Tagesausflug: Posillipo

Am letzten Tag beschlossen wir uns dafür, aus dem Stadtinnern rauszukommen und fuhren mit dem Bus 30 Minuten lang zum Stadtteil „Posillipo“. Nach weiteren 30 Gehminuten erreichten wir den Eingang zu einem der wenigen öffentlichen Strände, der „Spiaggia della Gaiola“. Da dieser Strand in einer geschützten Zone liegt, braucht man eine Reservierung, die jedoch gratis ist. Wir hatten Glück und konnten uns die letzten Tickets sichern. Der Strand ist atemberaubend und durch die Limitierung der Gäste überhaupt nicht überfüllt. Die farbigen Häuser der Küste, das klare Meer, Blick auf den Vesuv – was will man noch mehr? 

Napoli nel cuore 

Neapel war der zweite Stopp meiner Interrail-Reise. Ob diese Stadt tatsächlich „die schönste Stadt der Welt“ ist, wie der Dichter Stendhal einst meinte[2], ist schwer zu bewerten. Fest steht für mich jedoch, dass hier fast alles stimmt: Das Essen, die Preise, der Humor der Leute, das Meer, die Stimmung, ja, sogar die Metro und die Abfallentsorgung klappen bestens.

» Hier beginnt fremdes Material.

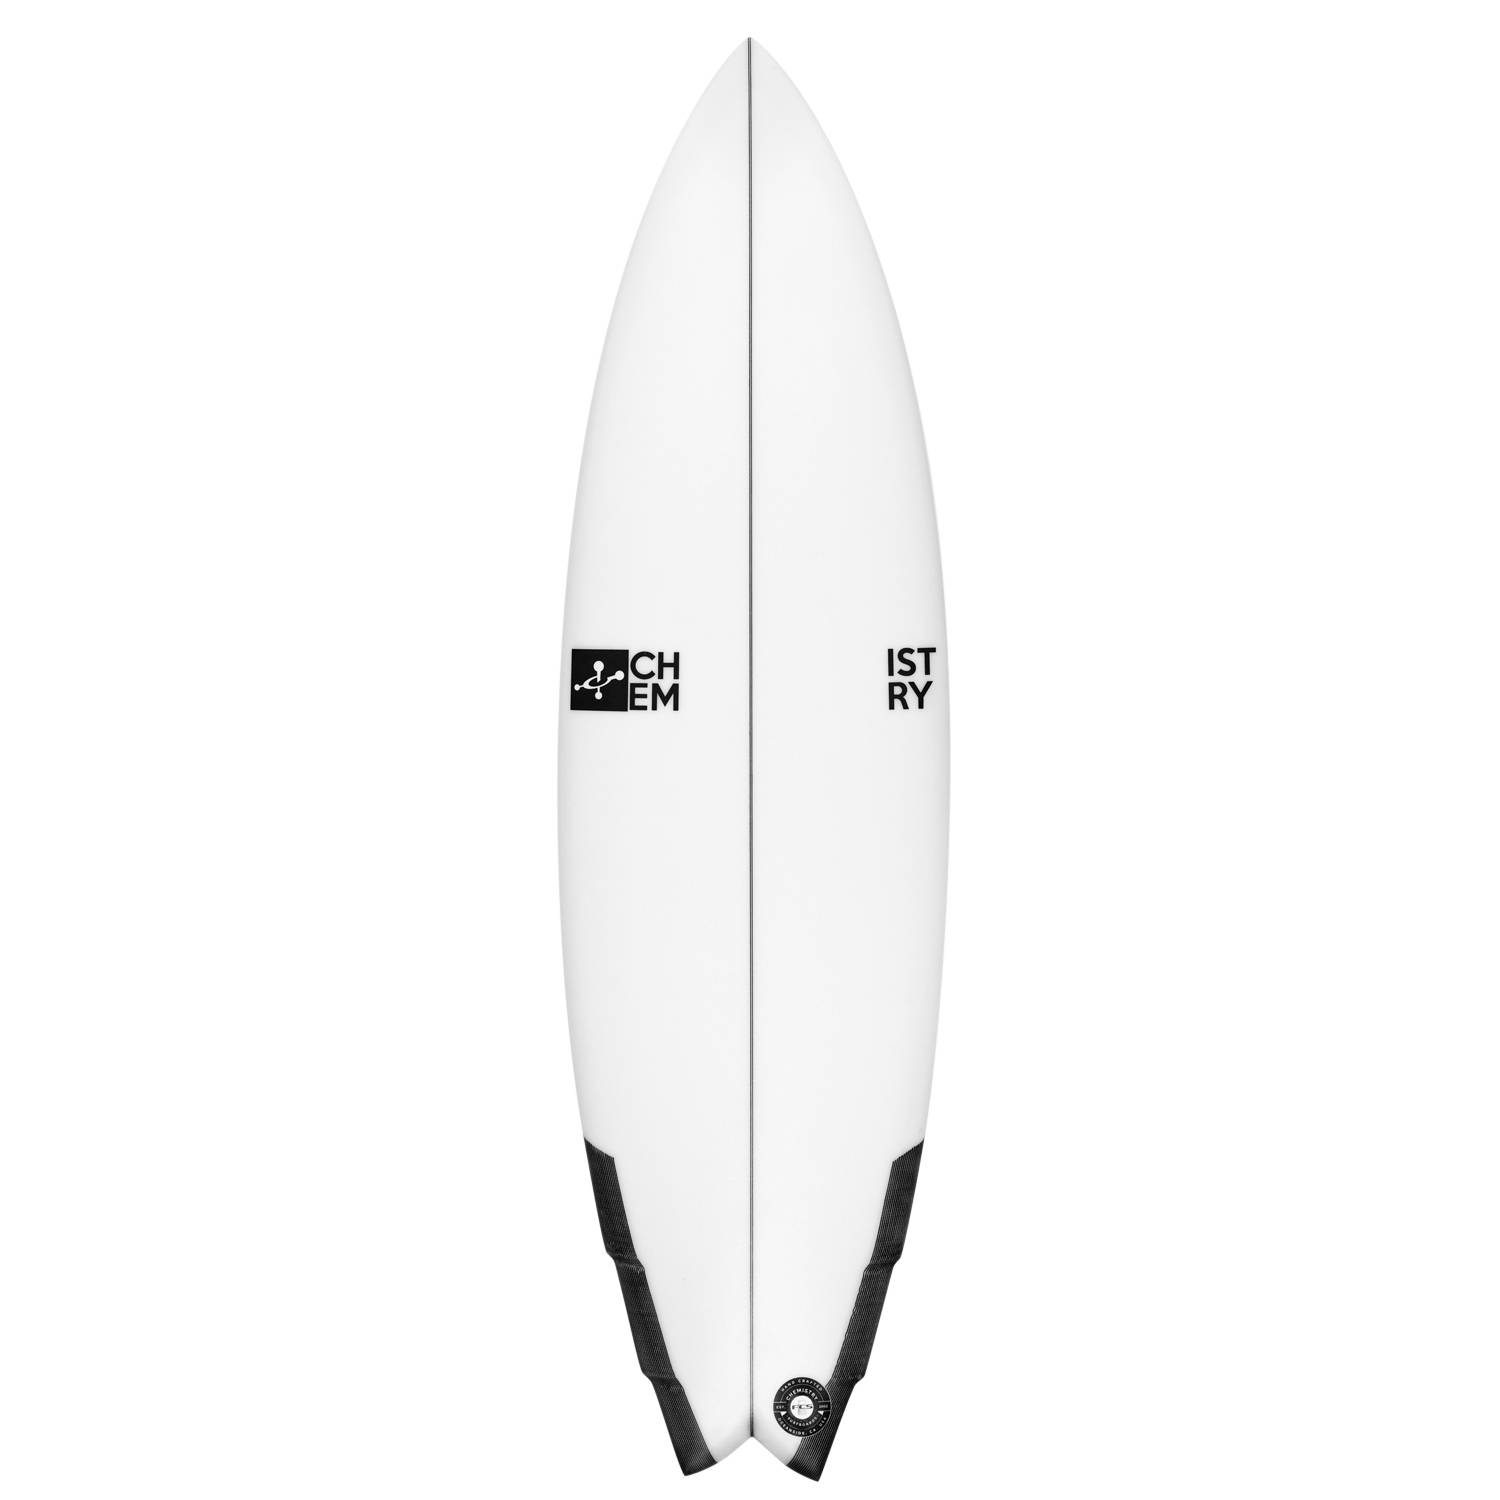 美品 5'7 ケミストリーサーフボード chemistrysurfboard
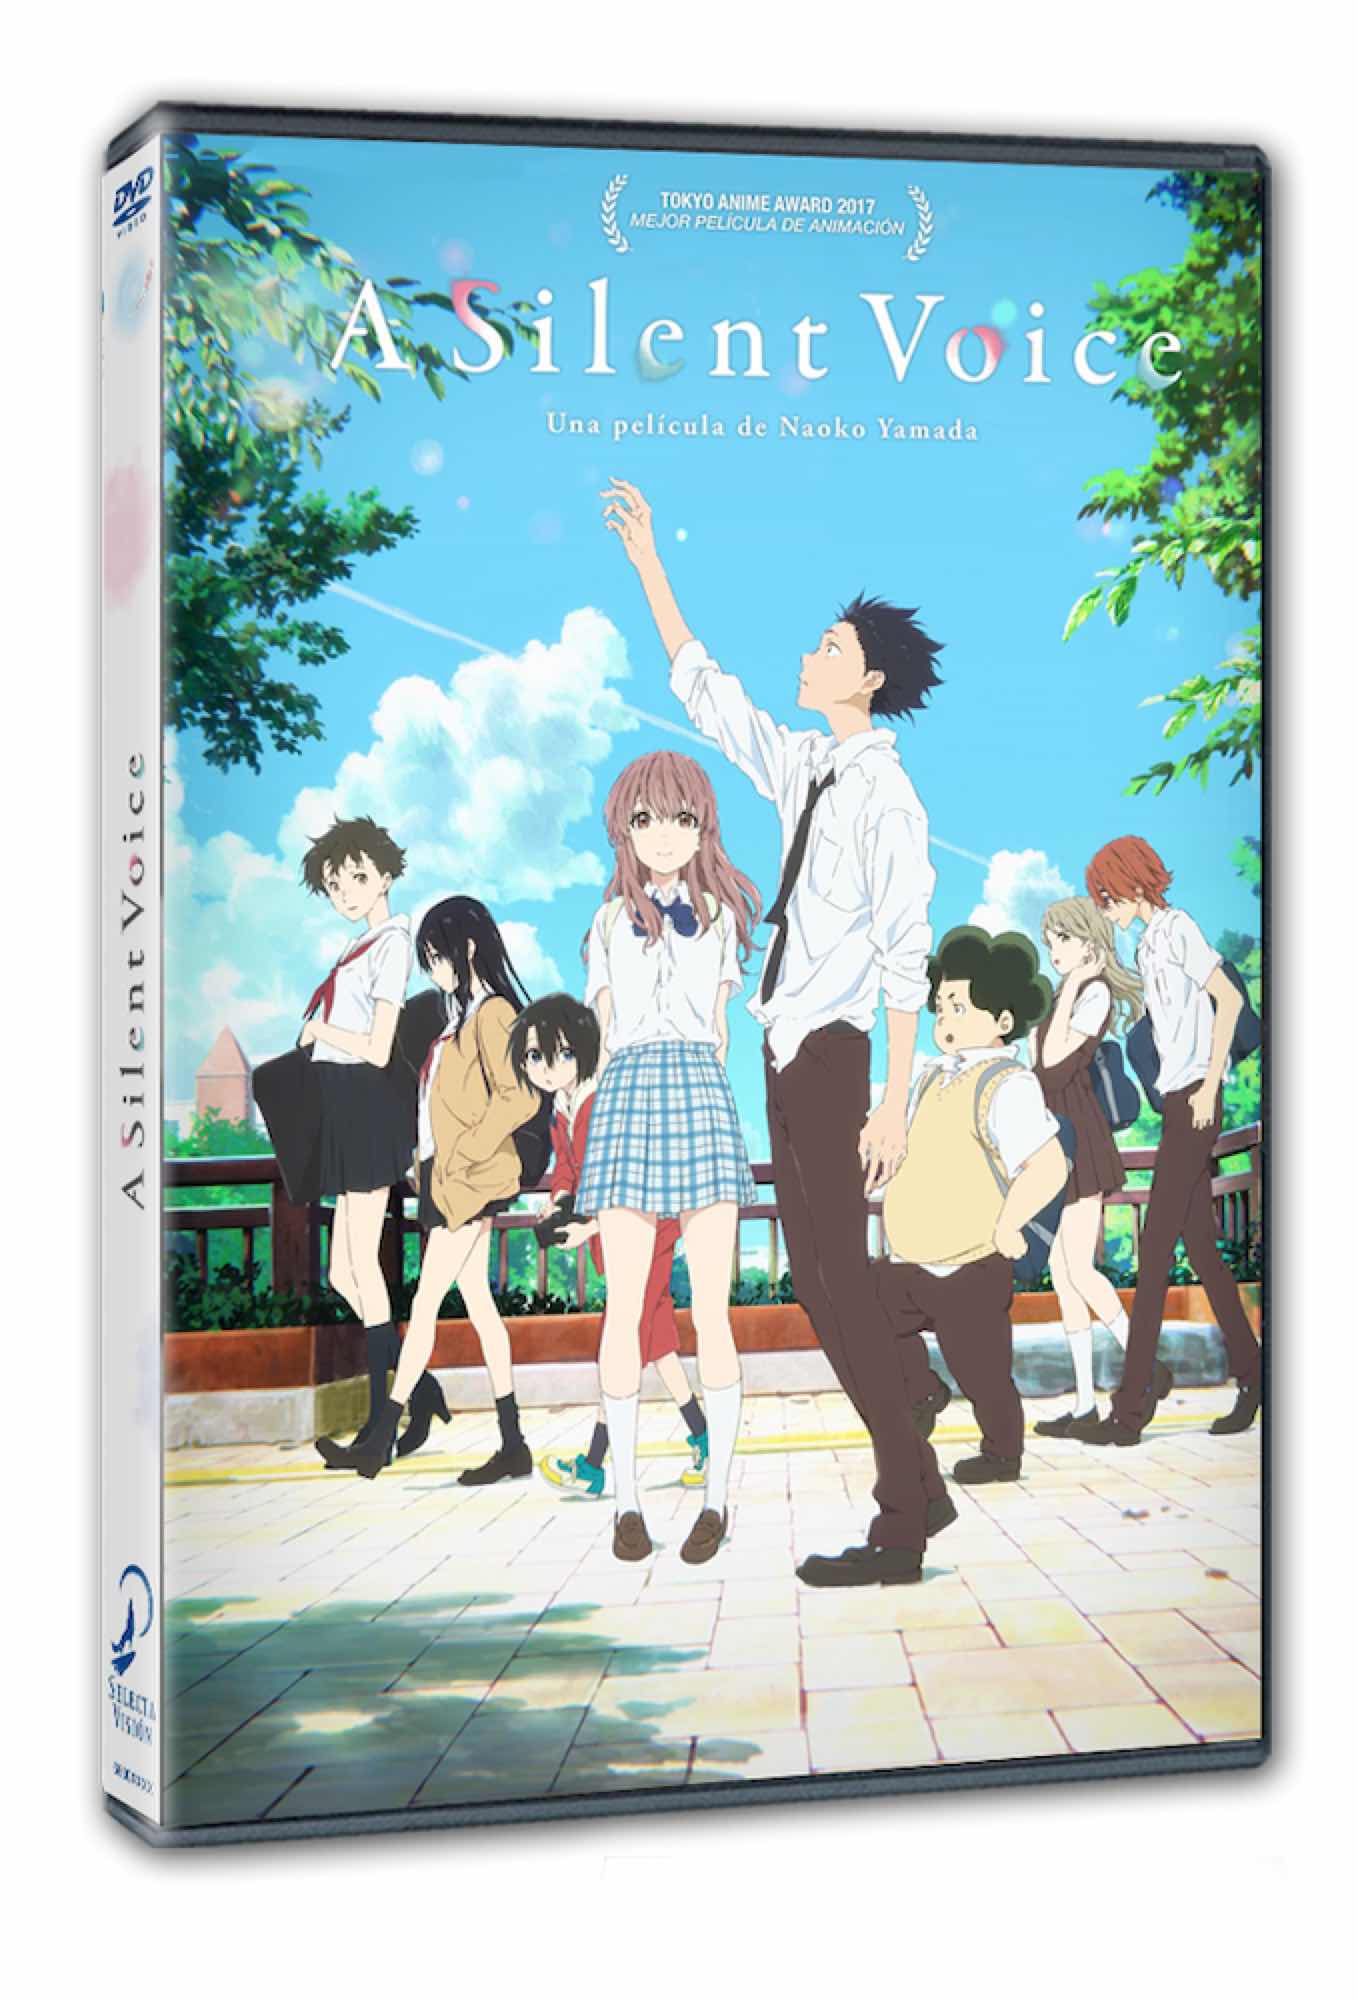 DVD A SILENT VOICE

September war eine gute Zeit, um hierher zu kommen, man könnte jedoch auch noch später, Ende September oder im Oktober, nach Napoli reisen, falls man wie ich wärmeempfindlich ist. Neapel wird seinem Namen als Nabel der Welt mehr als gerecht, sei es dem Nabel der Welt der Kulinarik, der Kultur oder der Kirchen. 

Quellen: 

Quartieri Spagnoli, in: Wikipedia, https://it.wikipedia.org/wiki/Quartieri_Spagnoli, heruntergeladen am: 07.09.24. 

Stendhal e i due volti di Napoli, in: è Campania, https://ecampania.it/event/stendhal-e-due-volti-napoli/, heruntergeladen am: 07.09.2024. 


[1] Quartieri Spagnoli, in: Wikipedia, 07.09.24. 

[2] Stendhal e il due volti di Napoli, in: è Campania, 07.09.2024.